The algorithms used allow to give intelligent advice on improving the search query to obtain more relevant results to a narrow number of documents obtained or, conversely, to extend it. But the main task of OntoEnter is to specify in which exact word, the word is used and to formulate the “question” to the search engine, excluding answers from an inappropriate domain and adding semantically similar results [34].

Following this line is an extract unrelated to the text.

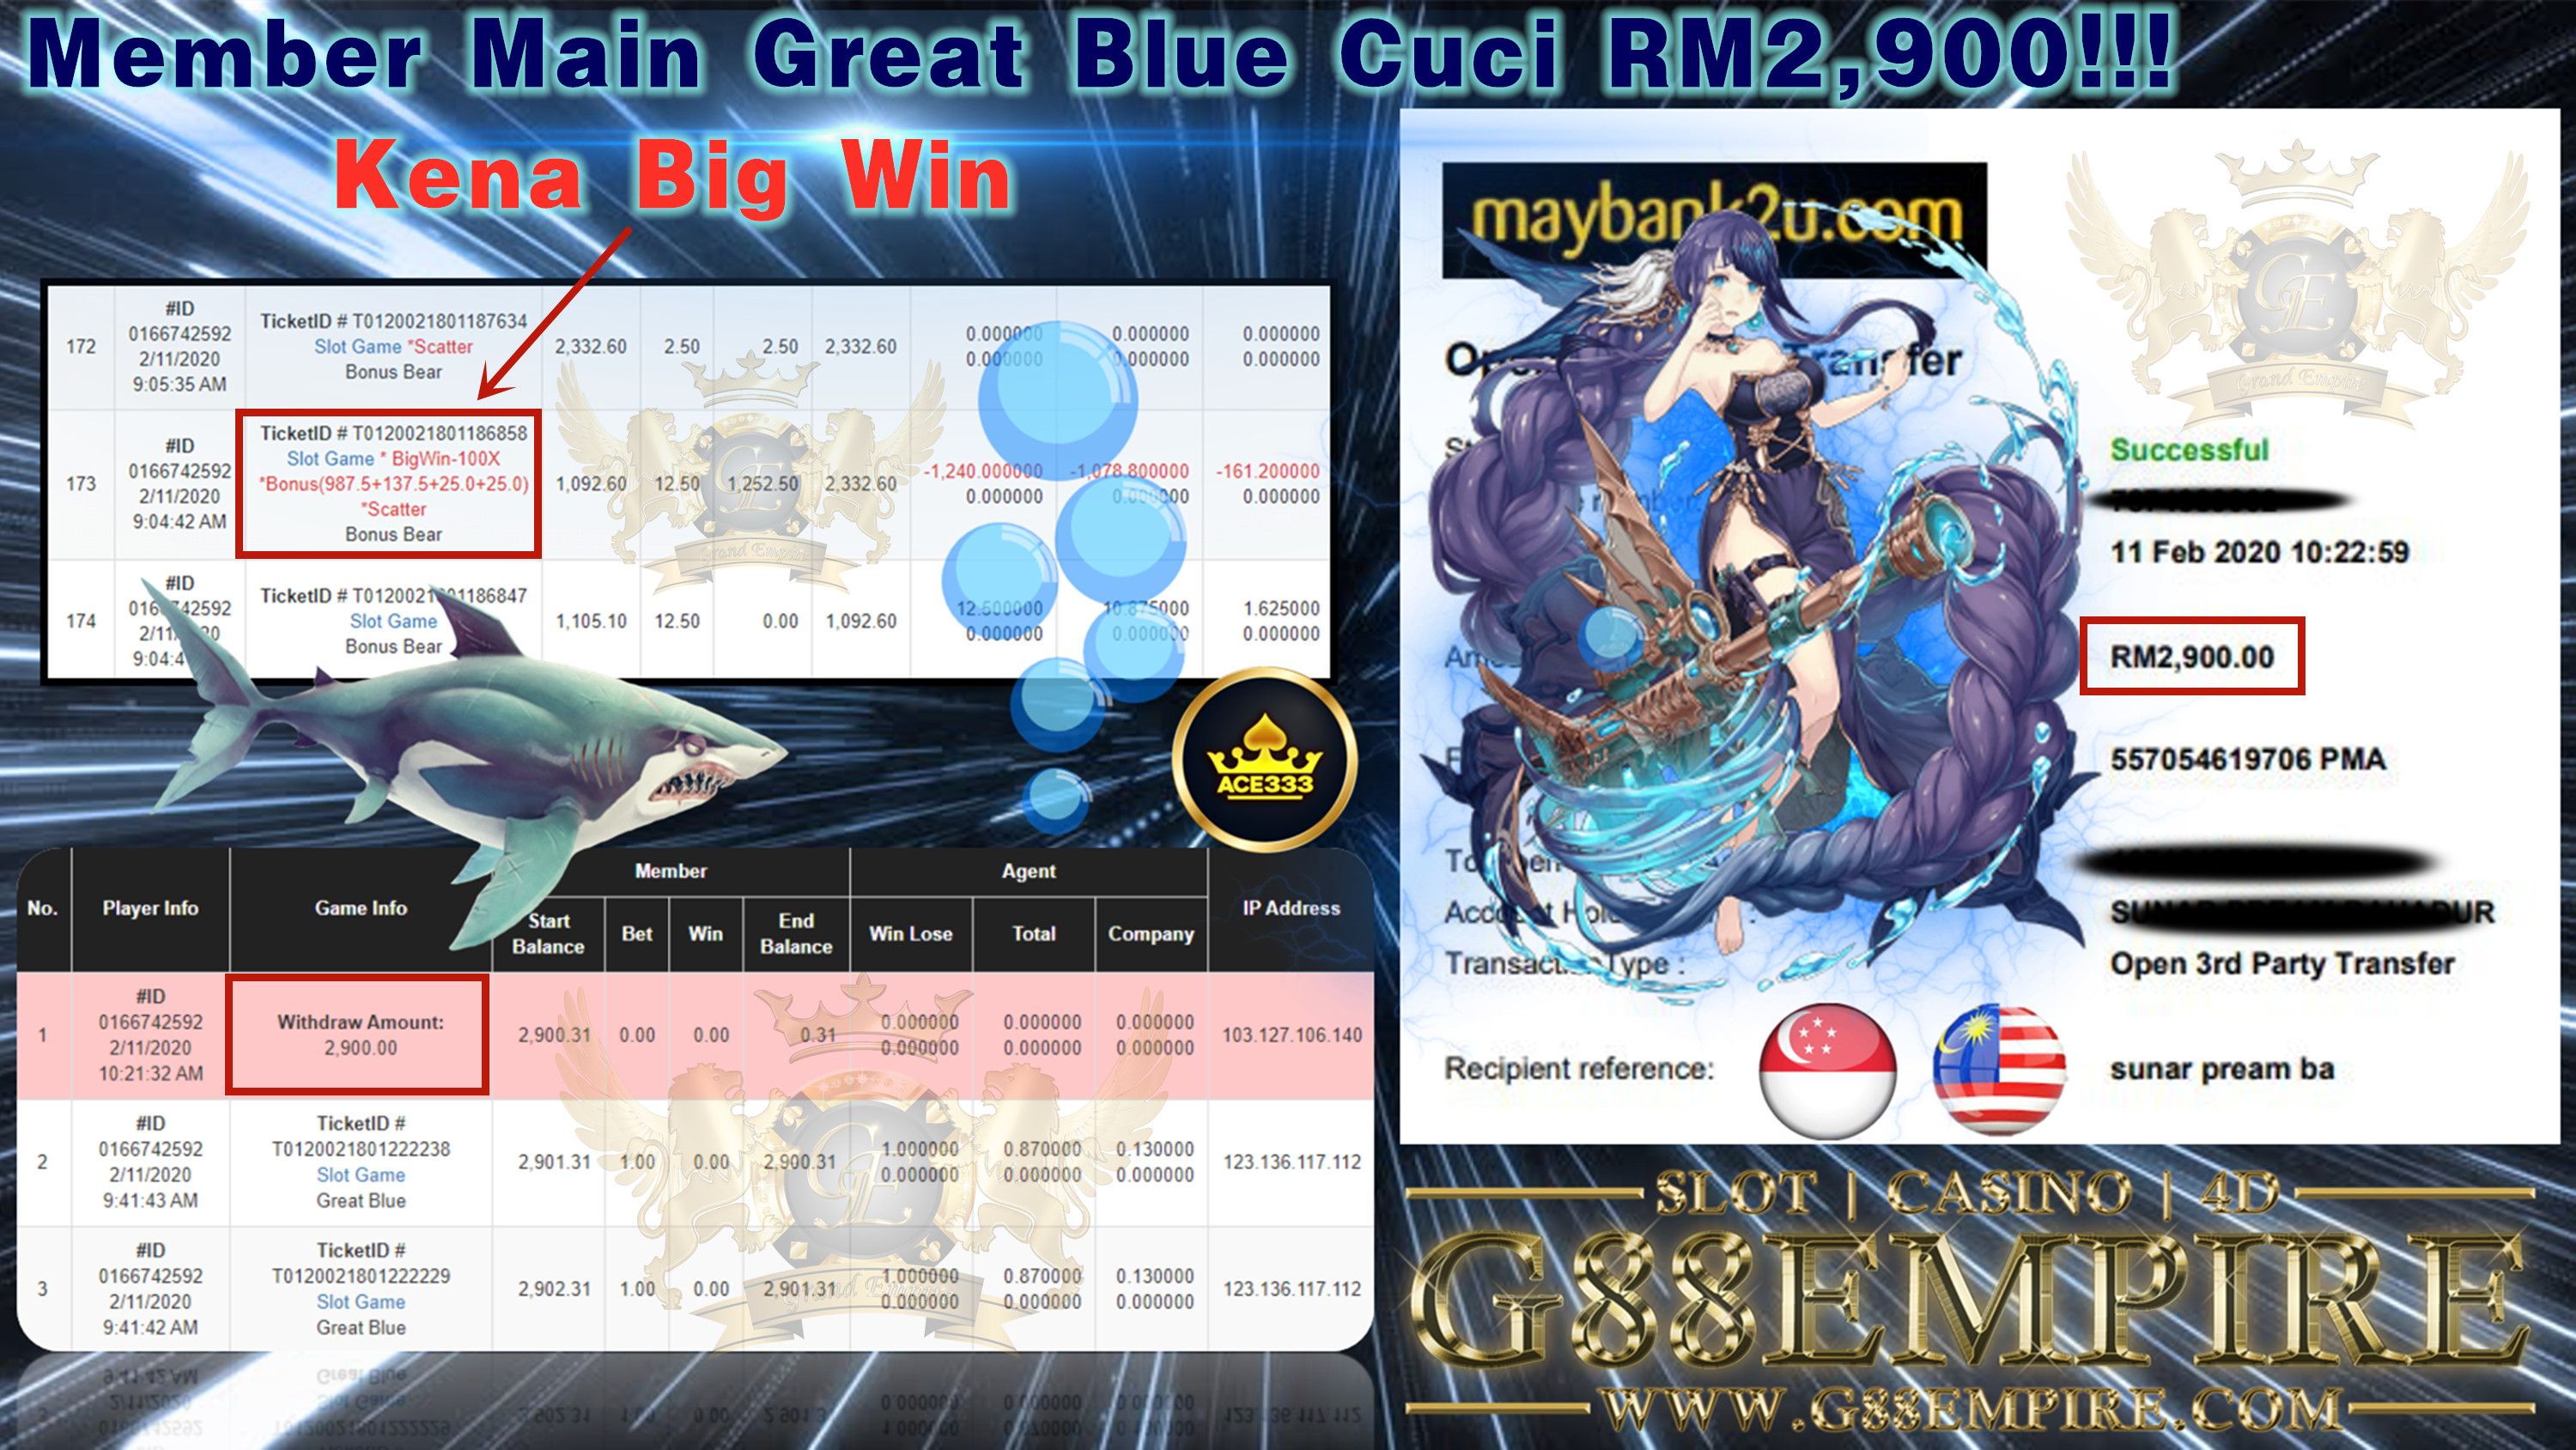 MEMBER MAIN GREAT BLUE CUCI RM2,900!!!

For the distributed retrieval of learning resources, we use profile users, which are used for personalized searches according to user specifications. The methodology was based on incremental user profiling, which assumes mapping of a user’s keywords to the concepts of the domain ontology according to the presented transformation rules. Transformation algorithm was implemented in the research prototype as the combined capability of the query transformation agent and the ontology agent of the intelligent multi-agent information retrieval mediator. The user interface helps user to build a particular profile that contains his interest search areas in the industry repositories domain. In an intelligence profile setting, people are surrounded by intelligent interfaces merged, thus creating a computing-capable environment with intelligent communication and processing available to the user by means of a simple, natural, and effortless human-system interaction. The objective of profile intelligence has focused on creating of user profiles: Plan Managers, Assistants, Operators, and Engineers. If the information space is well designed, then this option is easy, and the user achieves optimal information through the use of natural intelligence, that is, the options are easy to understand so users know what they will see if they click in a link, and what they negate by not following other links, Figure 6.

Figure 6.

User profiles, graphical user interface.

The profile agent is an environment, in which software agents can be executed to retrieve E-learning resources and which is wrapped by a Web service. This configuration contains the user requirements that typically described the relative needs, tasks, and goals of the user for an individual search. Profile agents help students with the search, according to the specifications they made. Search parameters in a profile, the initiation of a search, or access to the list of retrieved learning objects can be controlled by invoking appropriate search operations that extract learning resource metadata. Ideally, profile agents learn from their experiments, communicate and cooperate with other agents, around in DL. A profile agent uses a registry to locate learning searches. The agent compares the metadata and the search keywords for possible matches and presents the search results to the user. For this, a statistical analysis has been done to determine the importance values and establishing specified user requirements.

Advertisement

5. Experimental evaluation

In order to validate the approach, we have developed intelligent control platform in an electrical power system. This system integrates management knowledge into network resource specifications. We study an example of alarm detection and intelligent resolution of incidents related to a private network. We have used a telecommunications network belonging to a company in the electricity sector Sevillana-Endesa (SE), a Spanish electricity company. OntoEnter is used to optimize the operation of hundreds of connected sensors currently installed. Many of these sensors are wireless because they can be installed more quickly and at less cost than their wired equivalents, often with no required downtime. These low-cost wireless sensors and accompanying analytics can dramatically improve plant performance, increase safety, and pay for themselves within months. The Spanish electricity grid has a wireless network in the regional high voltage grid. Part of the long distance traffic in this network is controlled by a wireless intelligent system distributed through this private network. The use of knowledge integration in agents can help the system administrator to use the maximum capabilities of the intelligent network management platform without having to use another specification language to customize the application [35].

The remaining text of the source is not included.